The installation extends the interior architecture of the room, with the same interior fist forms pinned onto wood boards. The boards were taken from a table that sat across the street from the former Millikan Laboratory at the Claremont Colleges, where another struggle to address the violence of his eugenic advocacy led to its eventual renaming in 2020. These elements are installed both to draw attention to the structure of the room, and to hold tension: the historical memory of Neighborhood Church, the former namesake of the room and its subsequent renaming, and the ongoing need to remember and reckon with our past. 

The work is named to recognize detention itself as a practice of reproductive control, following Jess Whatcott’s theorization of carceral eugenics, following their realization that “reproductive injustice continues even if sterilization surgeries are halted […] incarceration, in all its forms, continues to function as eugenics, just as policies of institutionalization did in the early twentieth century.”** We must fight against carceral eugenics in all of its interconnected forms, including mass incarceration, threats to return to mass institutionalization, and immigrant detention. Free them all.

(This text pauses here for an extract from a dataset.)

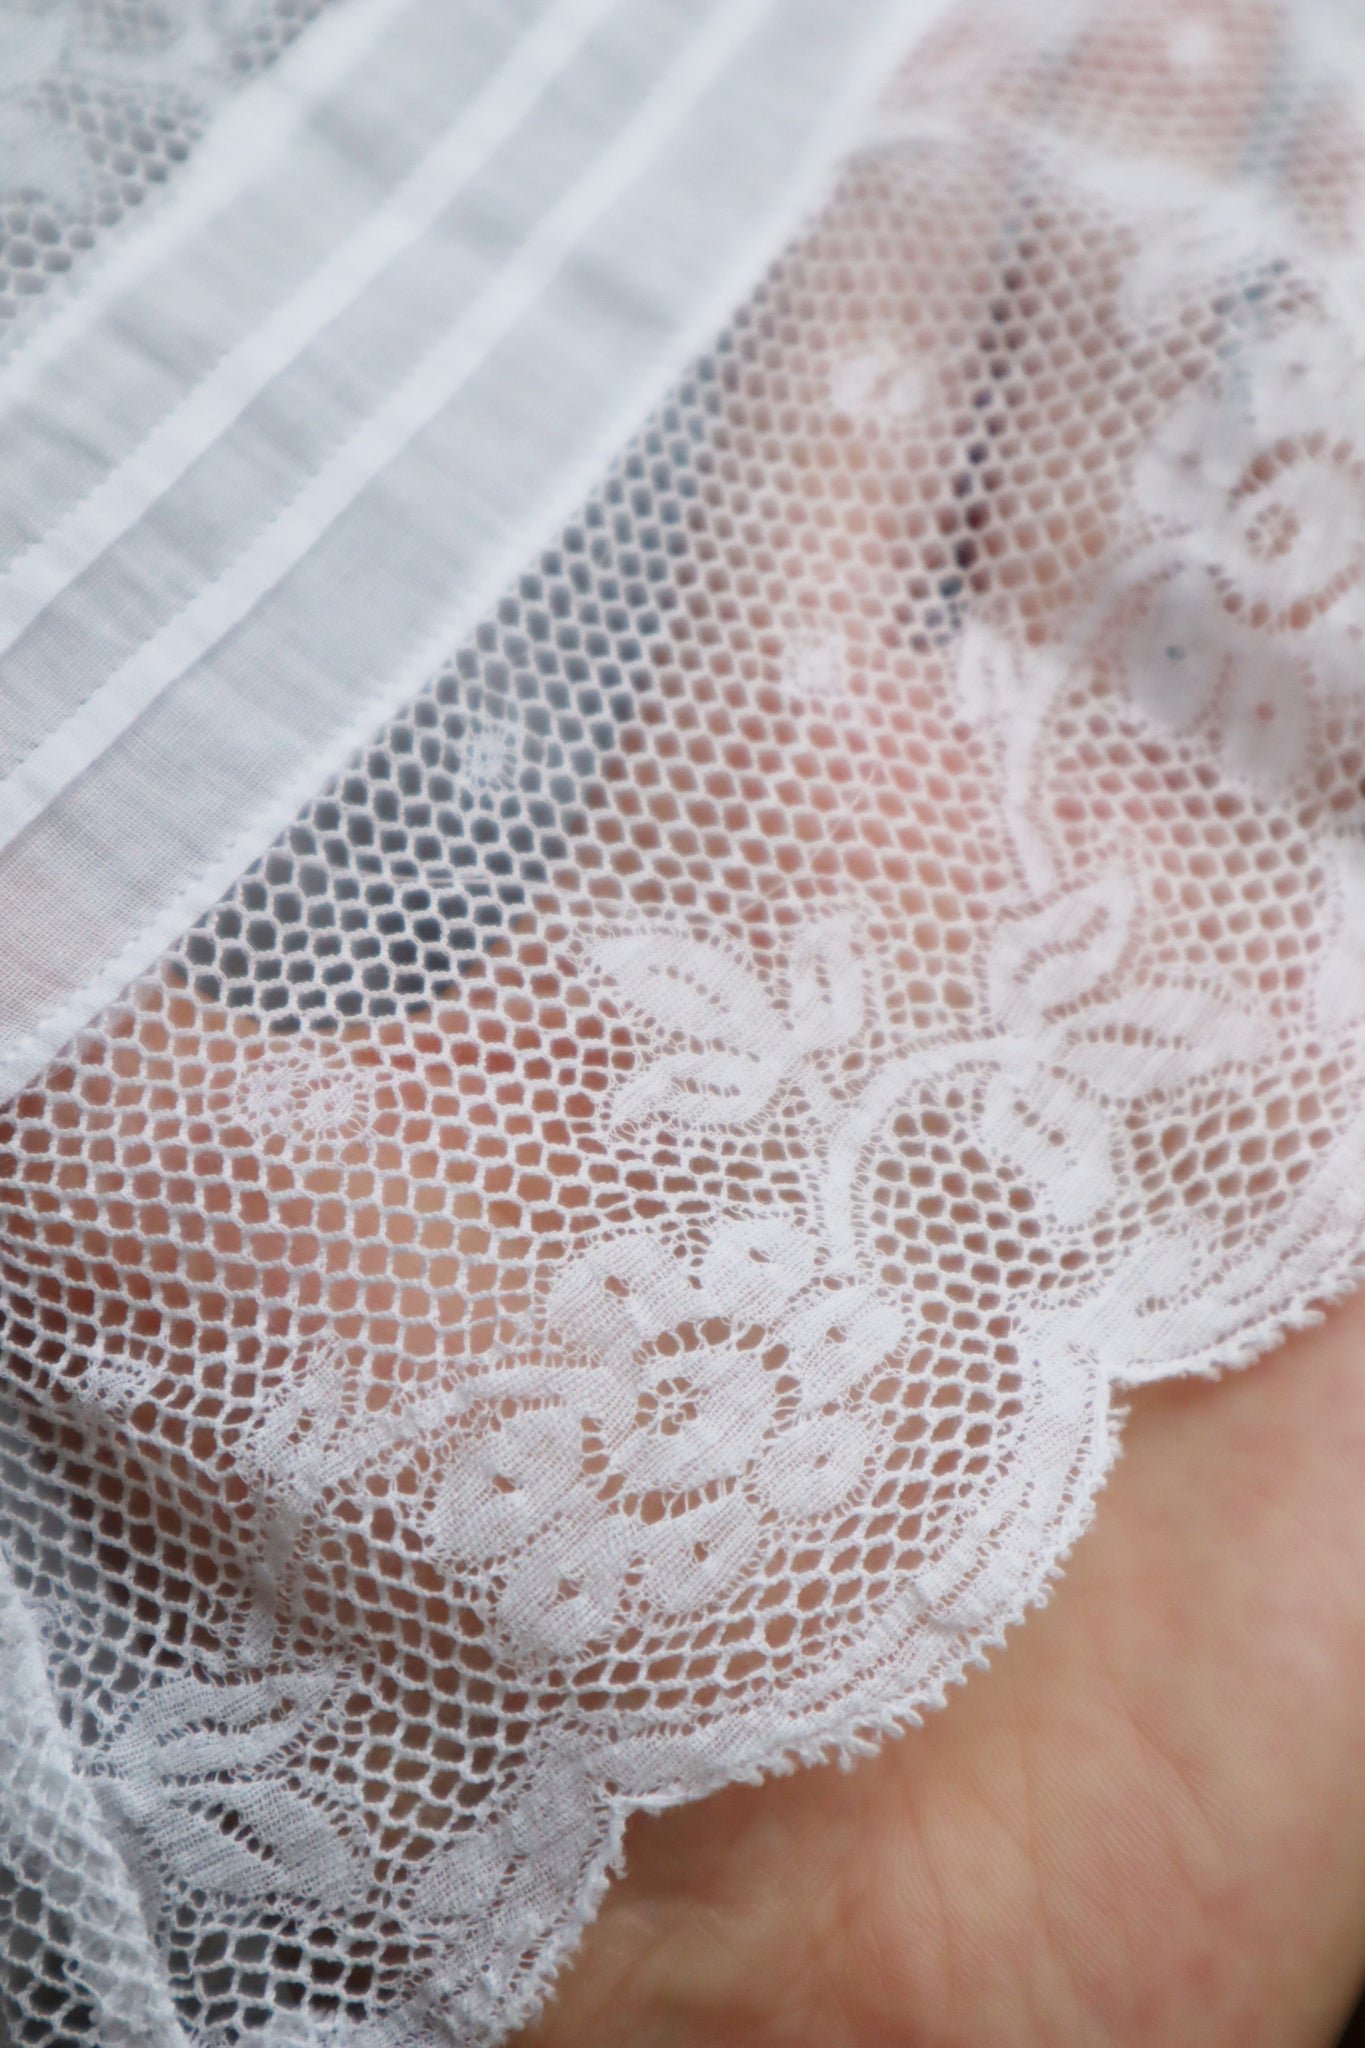 1910s Antique Lace Lingerie Dress
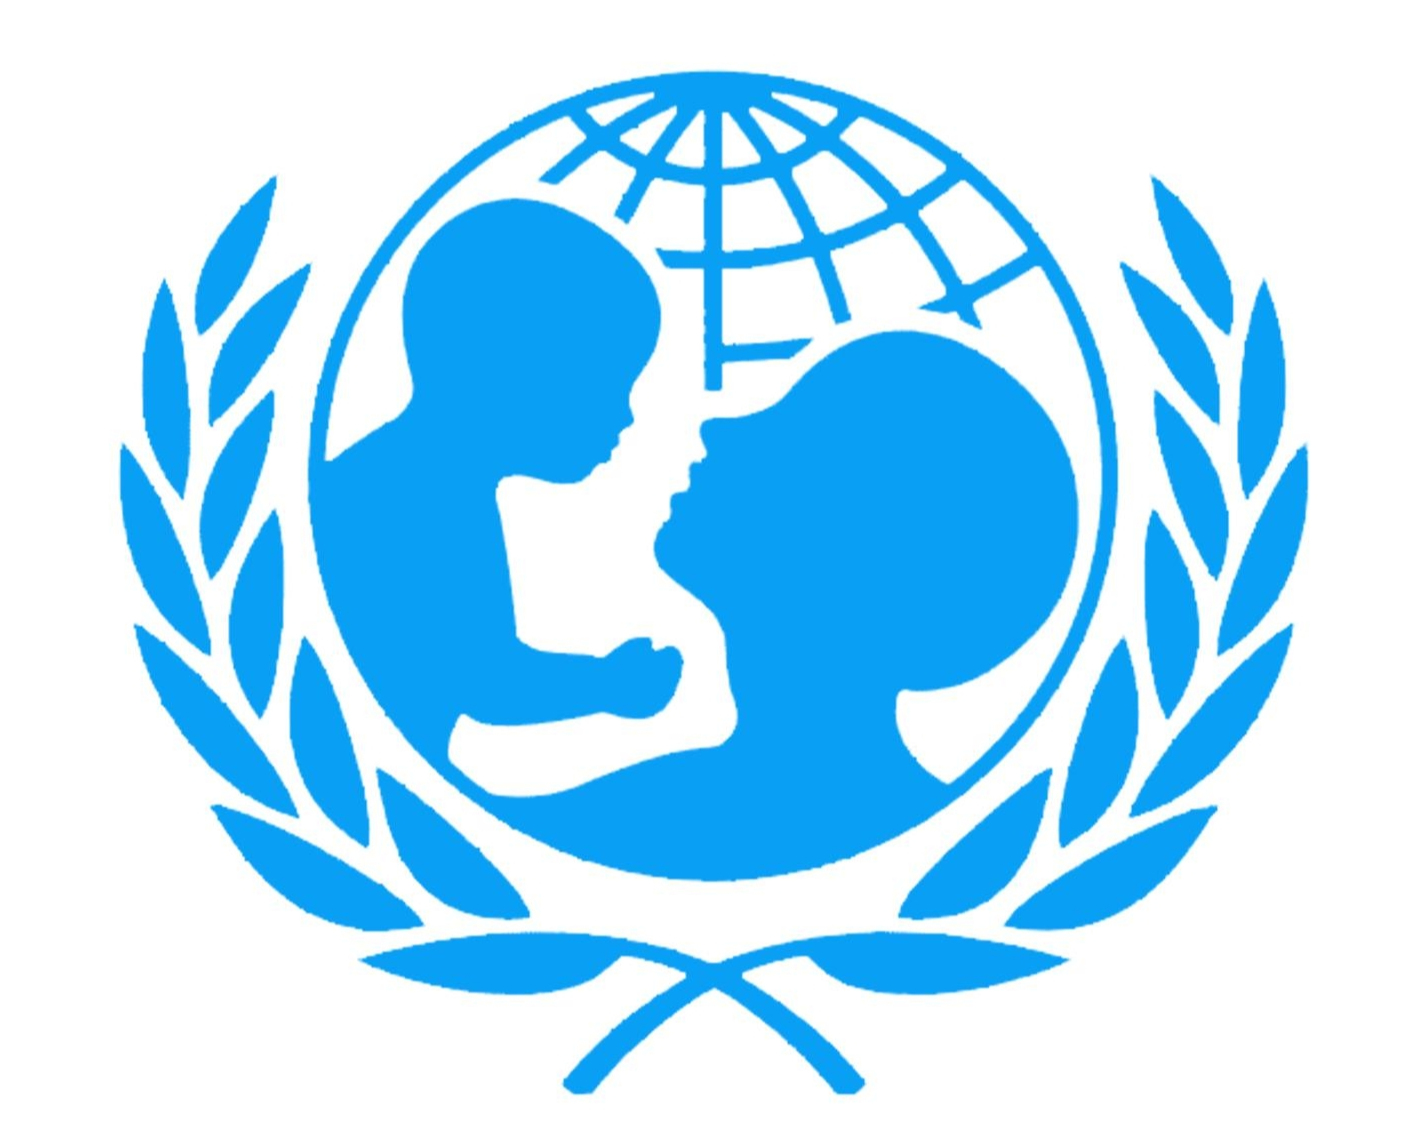 联合国儿童基金会logo图片

* Alexandra Minna Stern, Nicole L. Novak, Natalie Lira, Kate O’Connor, Siobán Harlow, and Sharon Kardia, California’s Sterilization Survivors: An Estimate and Call for Redress (American Journal of Public Health, 2016) https://ajph.aphapublications.org/doi/10.2105/AJPH.2016.303489

**  Jess Whatcott, Menace to the Future: A Disability and Queer History of Carceral Eugenics (Durham, NC: Duke University Press, 2024), xiv.